DATA PROVIDED:
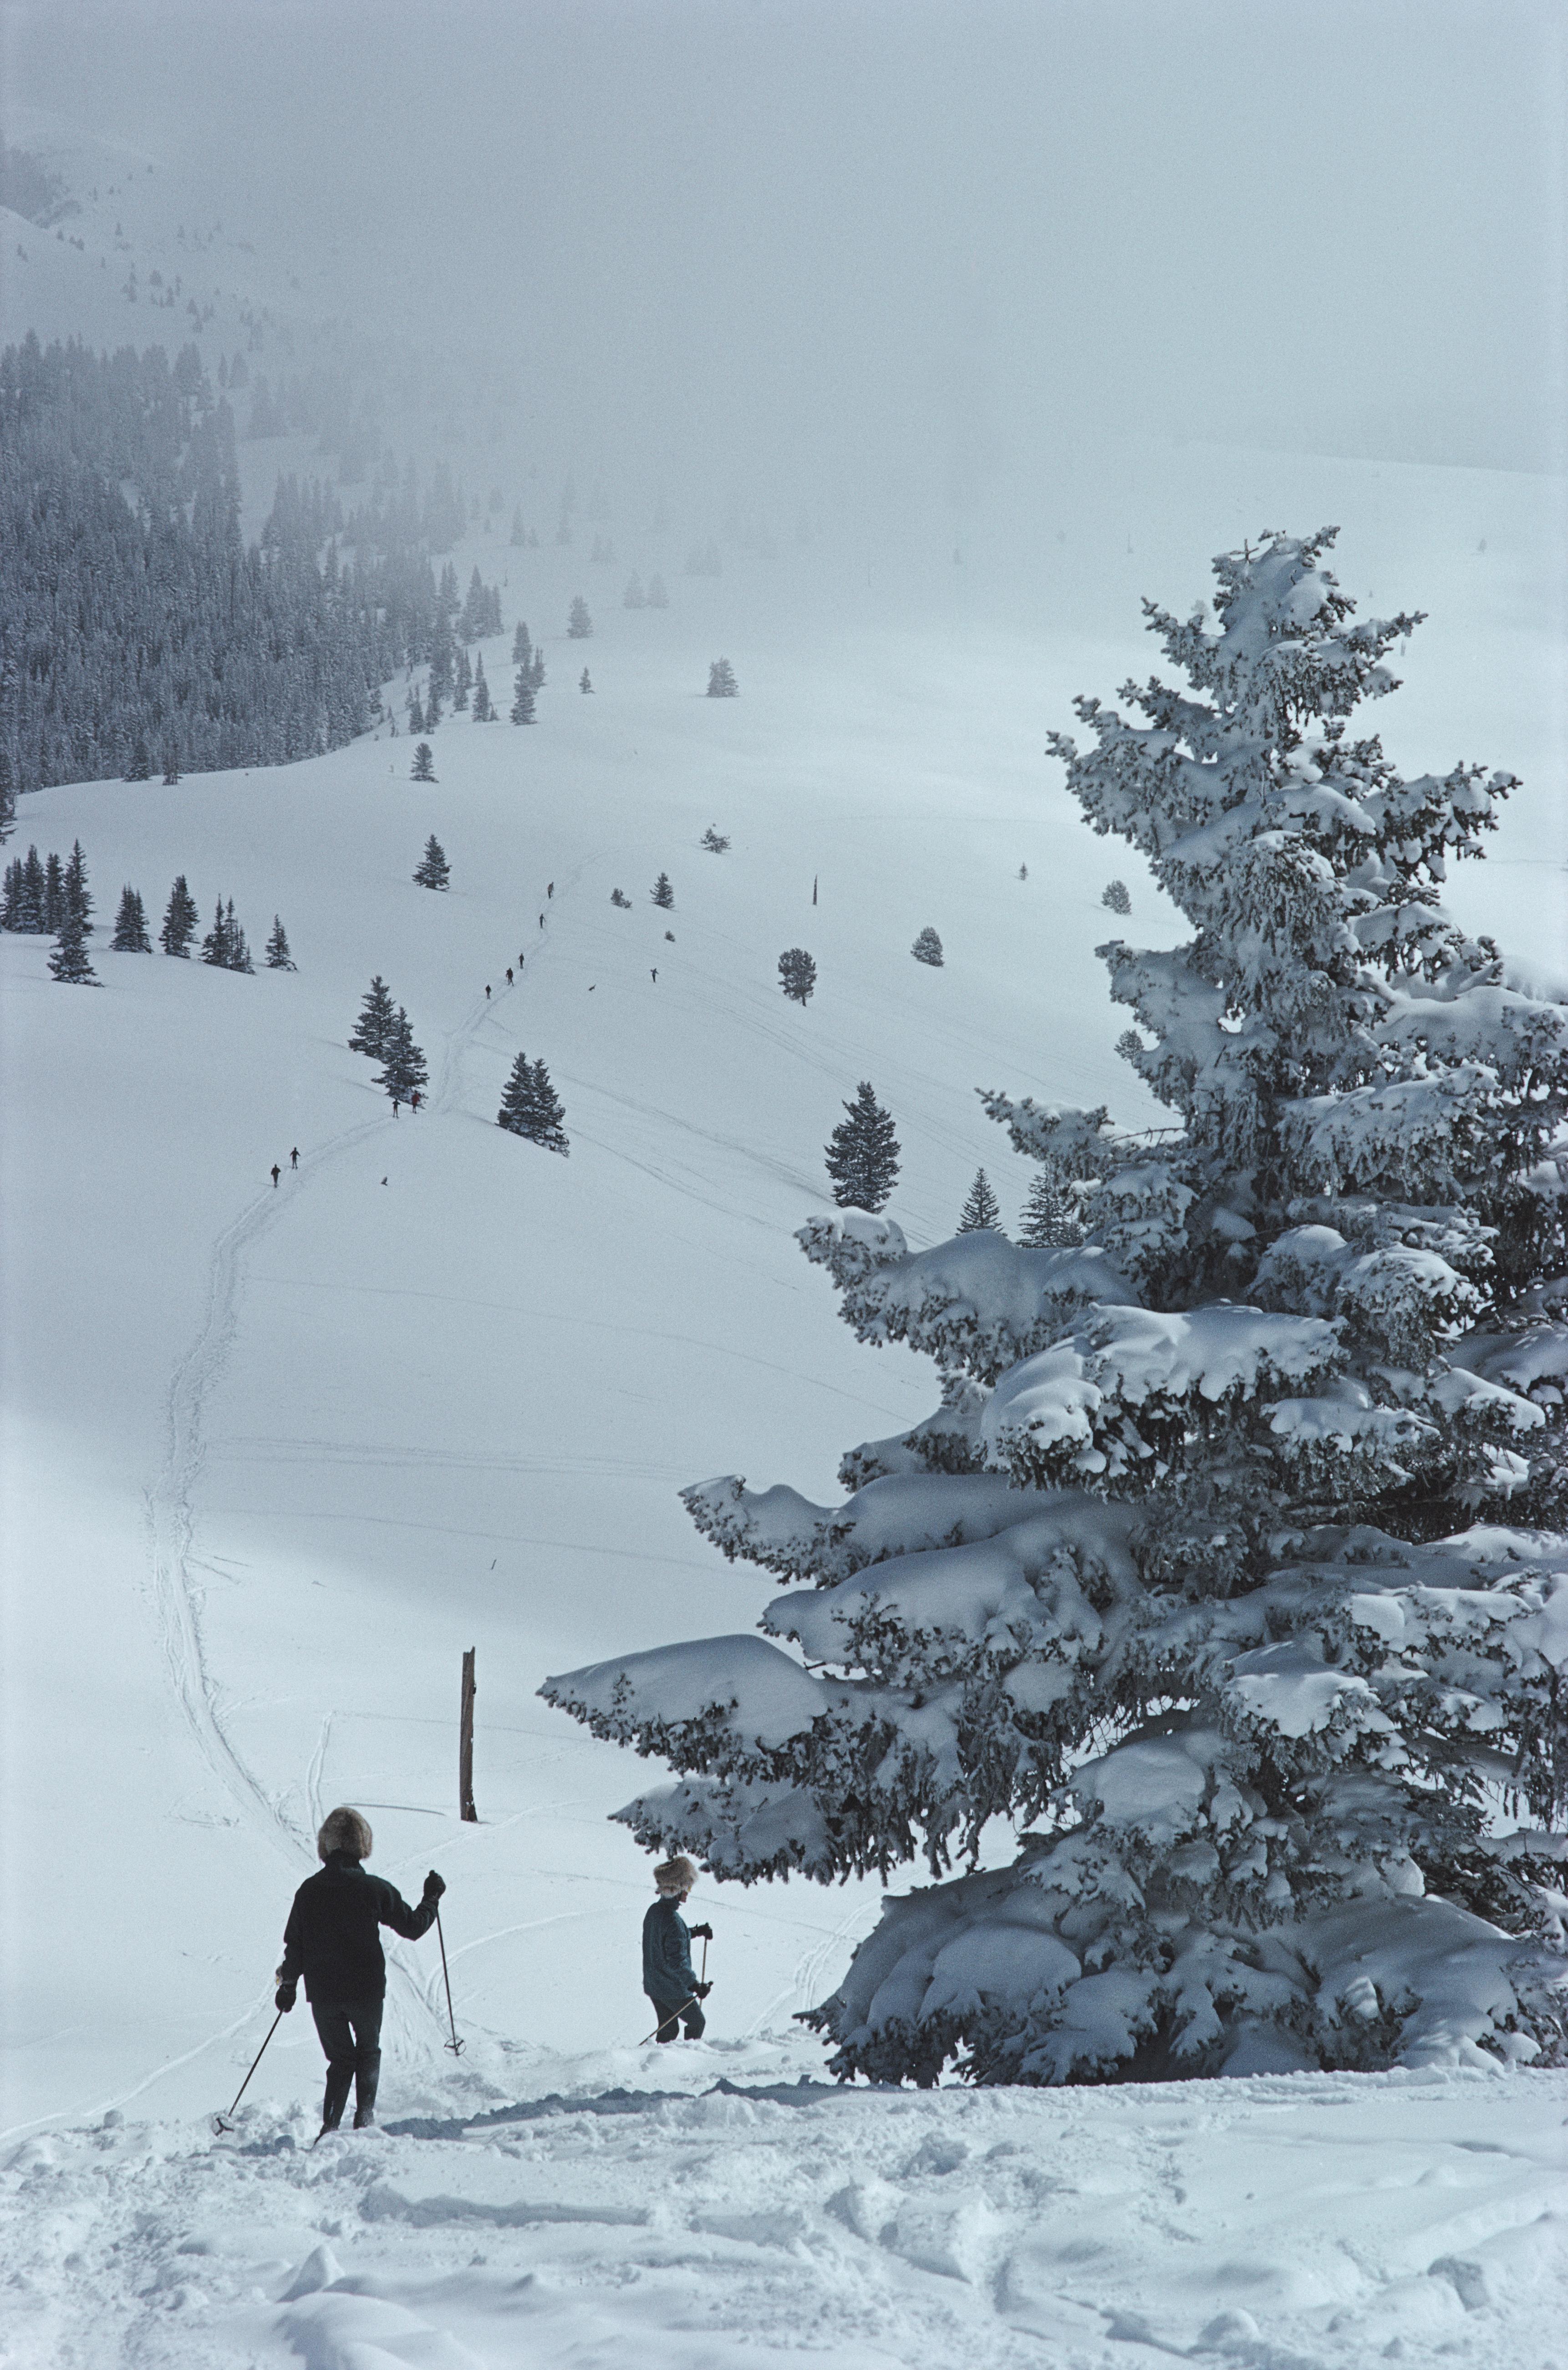 Skifahrer fahren an einem schneebedeckten Baum vorbei in Vail, Colorado, USA, 1964

Schlanke Aarons
Skifahren in Vail, 1964
Lambda-Druck
4 Größen verfügbar
Slim Aarons Estate Edition

60 x 40 Zoll
$3950

40 x 30 Zoll
$3350

30 x 20 Zoll
$3000

24 x
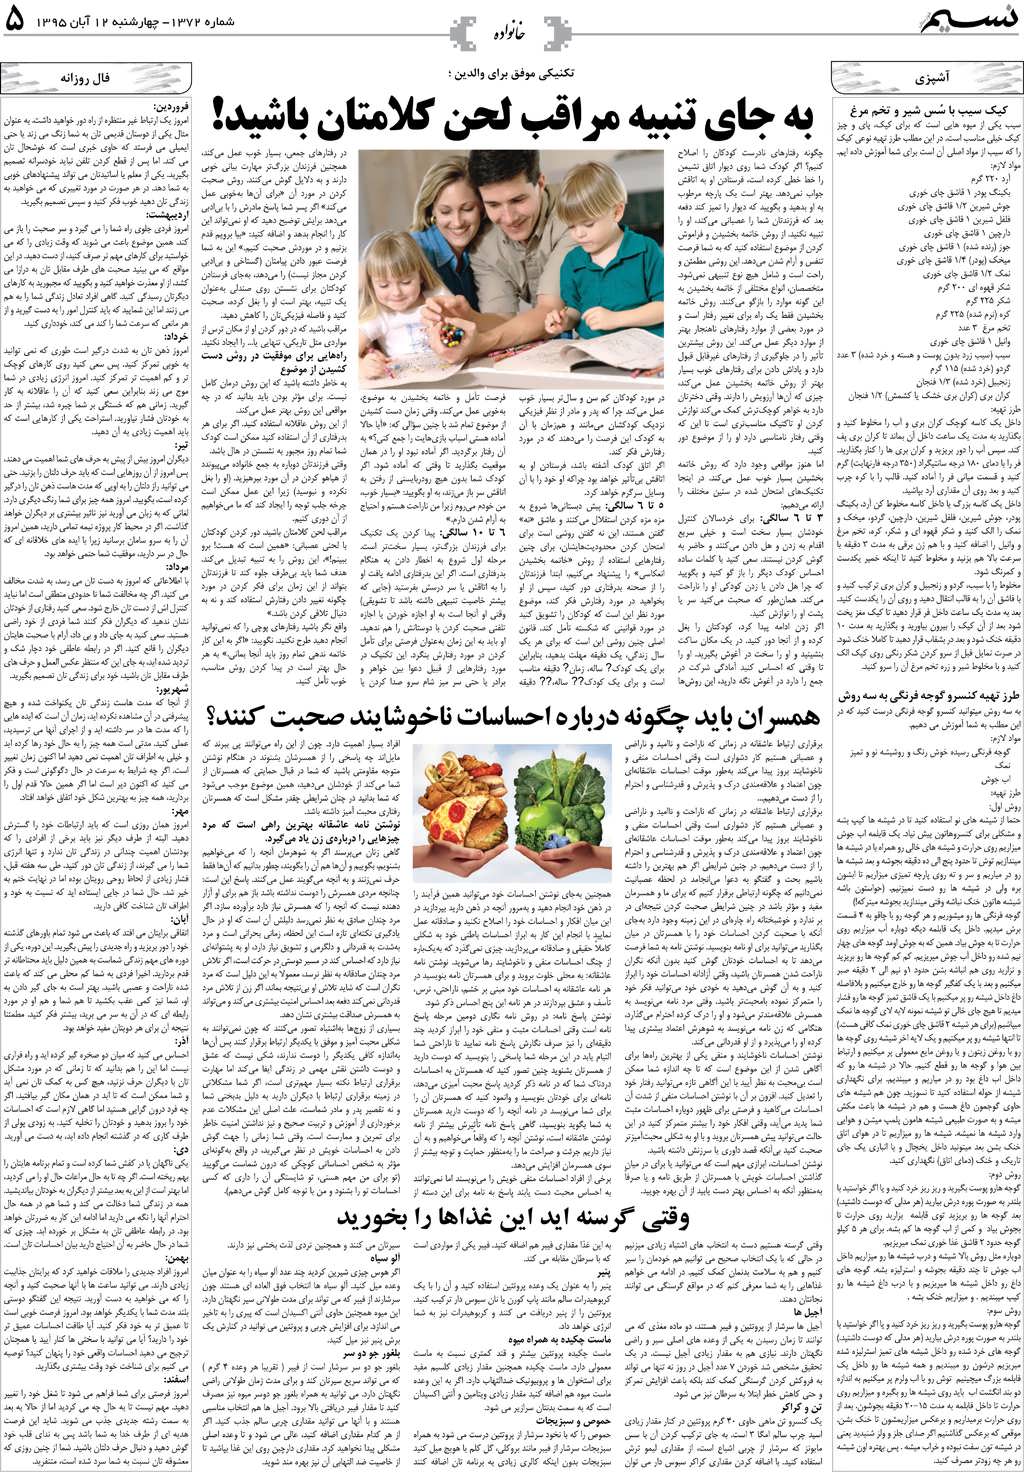 صفحه خانواده روزنامه نسیم شماره 1372

EXERCISE AIM:
In the copy, leave out all pictures, and retype exactly each line from the one with "Slim Aarons Estate Edition" through the last line of the entries.

SOLVED PROBLEM:
Slim Aarons Estate Edition

60 x 40 Zoll
$3950

40 x 30 Zoll
$3350

30 x 20 Zoll
$3000

24 x
 صفحه خانواده روزنامه نسیم شماره 1372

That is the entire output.